By Karen Holzmeister
Initiative would limit eminent domain, but Alameda County agencies say policy already excludes it for private development

Alameda County agencies approach eminent domain differently, but it’s unlikely that at least one of two measures proposed for the June ballot would have any effect on their method of land acquisition.

The eminent domain initiative, proposed by the League of California Cities, would prohibit a public agency from using eminent domain to acquire an owner-occupied residence with the intention of conveying the property to a private developer.

This change in the law, if approved by voters, generally would affect redevelopment agencies that assemble properties for redevelopment by private developers.

Eileen Dalton, who heads the county Redevelopment Agency, said the county’s redevelopment plans already exclude residential properties from eminent domain authority.

The agency deals with land and economic development issues in urbanized unincorporated areas such as Ashland, Castro Valley, Cherryland and San Lorenzo.

“We would never use or threaten eminent domain,” she said. “Our M.O. is to acquire land through the negotiation process.”

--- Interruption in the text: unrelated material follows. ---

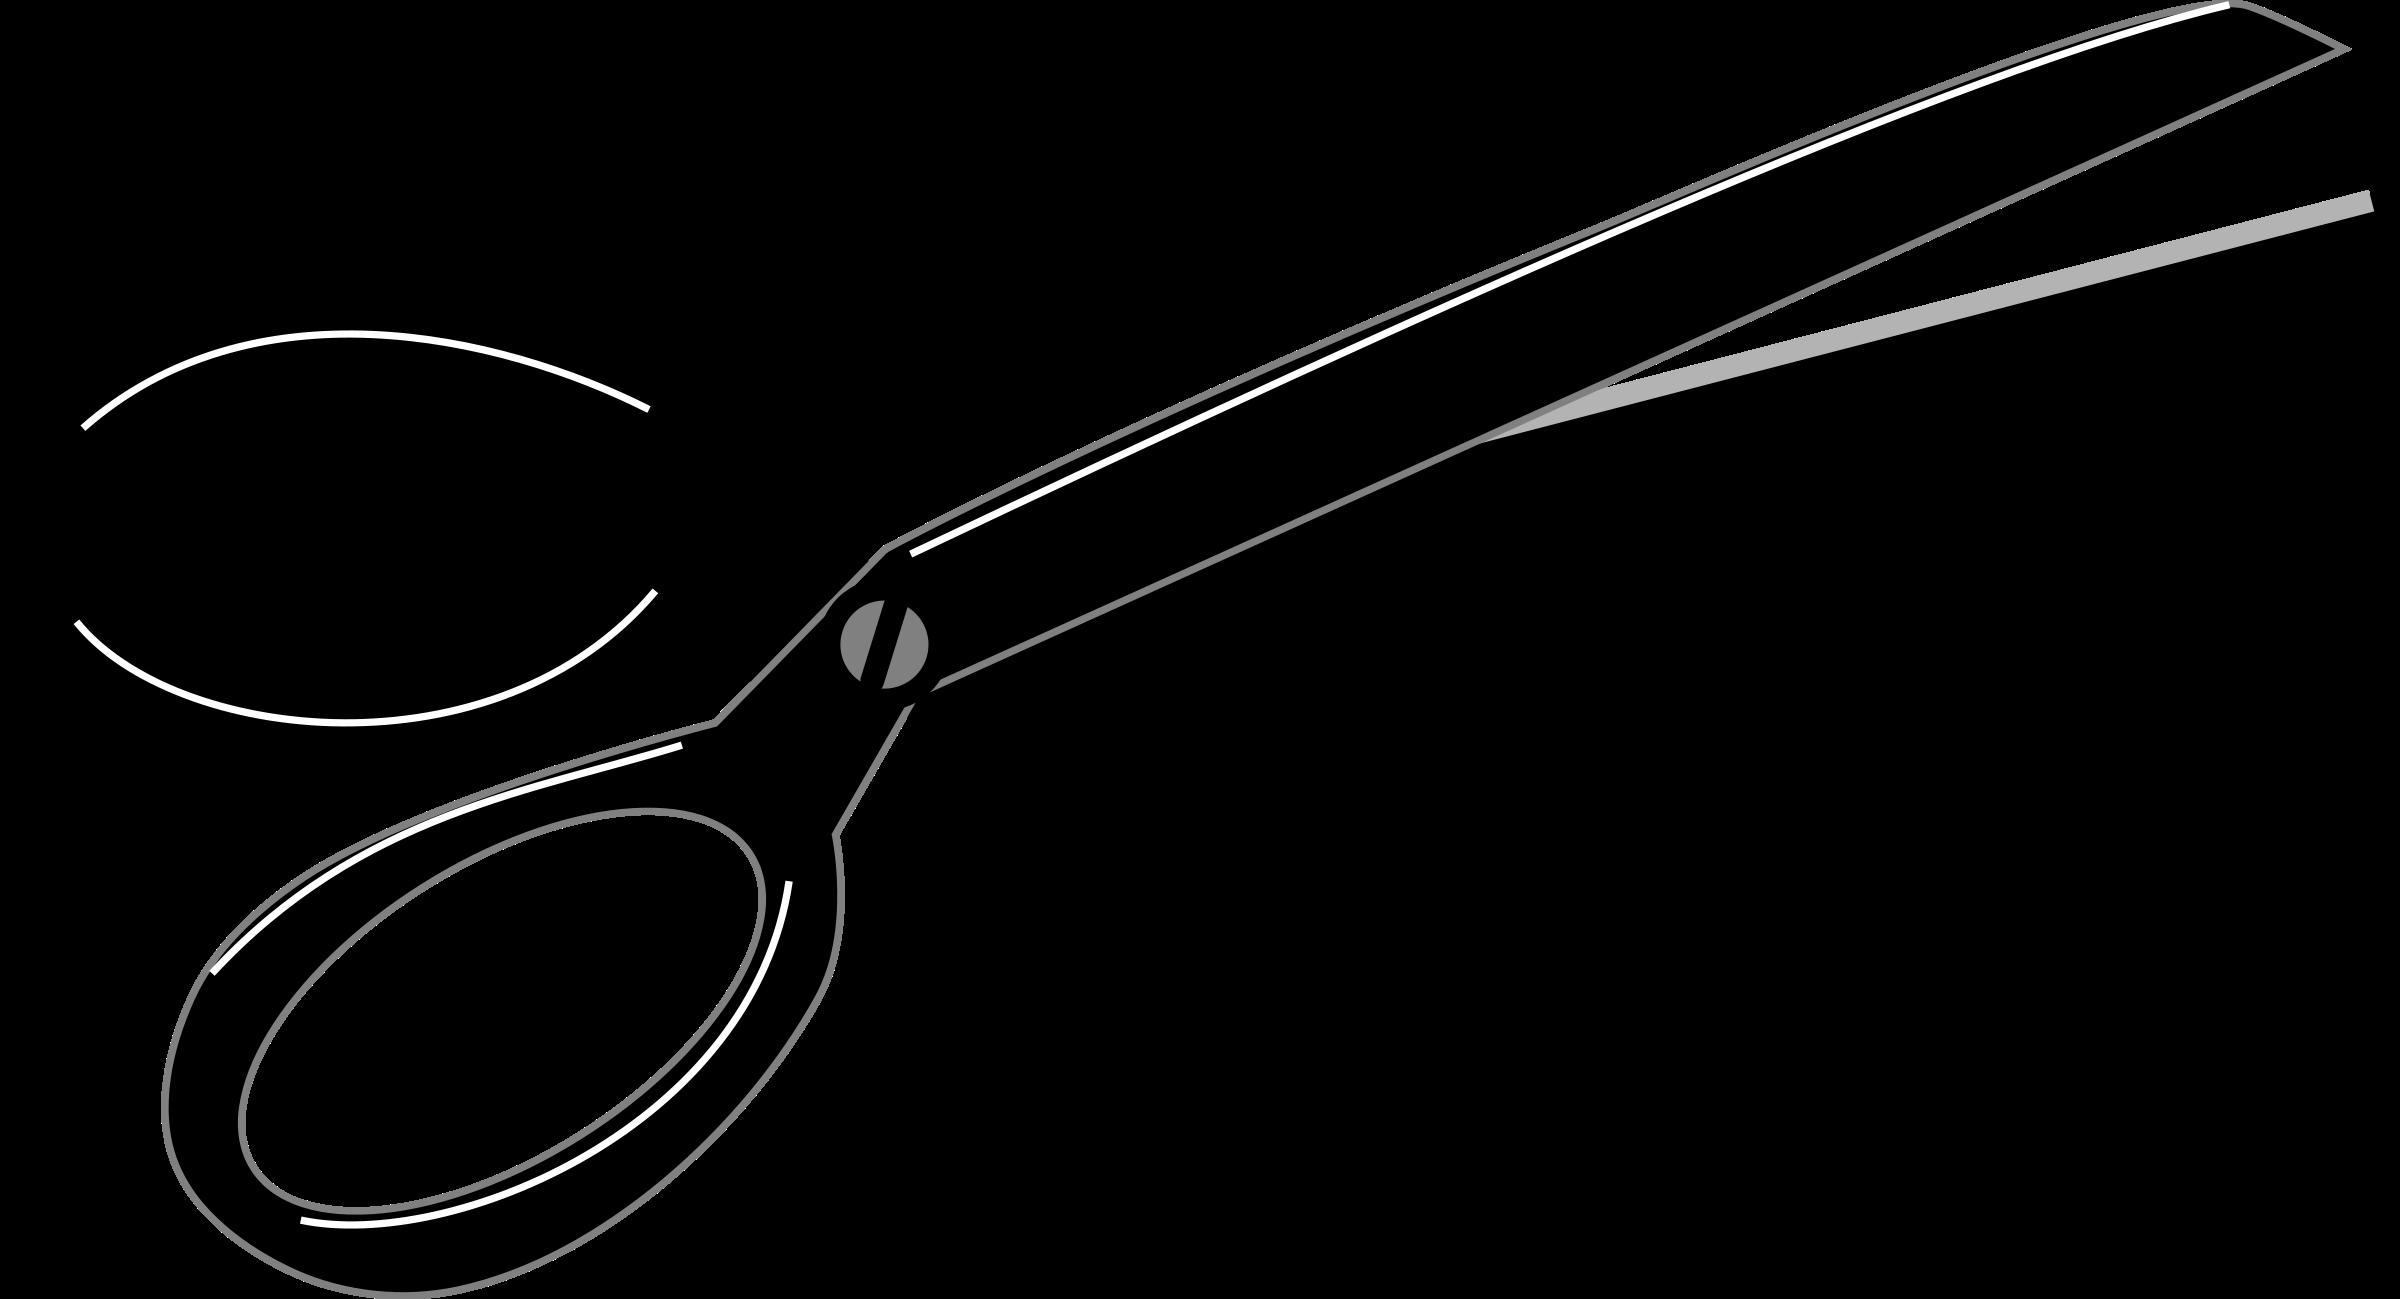 Scissors PNG Image - Scissors HD PNG

The agency has accumulated about $8 million in a land-assembly fund for housing in unincorporated areas.

Acquisition of commercial or industrial properties on major thoroughfares in Ashland, Castro Valley and San Lorenzo could be an eminent domain option if the negotiating process isn’t successful.

Rory MacNeil of the county Public Works Agency said eminent domain is used only for public projects, such as road widening and flood-control improvements.

He cited 2006 eminent domain filings on Vasco Road in Livermore as part of a joint road improvement project between Alameda and Contra Costa counties. Sale agreements with property owners were reached before the disputes went to court, he said.

During the summer, the public works agency filed 44 eminent domain suits for residential and commercial properties on Lewelling Boulevard in San Lorenzo. The county plans to widen and landscape the thoroughfare in the next few years.

Of the 44, all but 12 have settled. MacNeil said he expects six property owners to settle soon.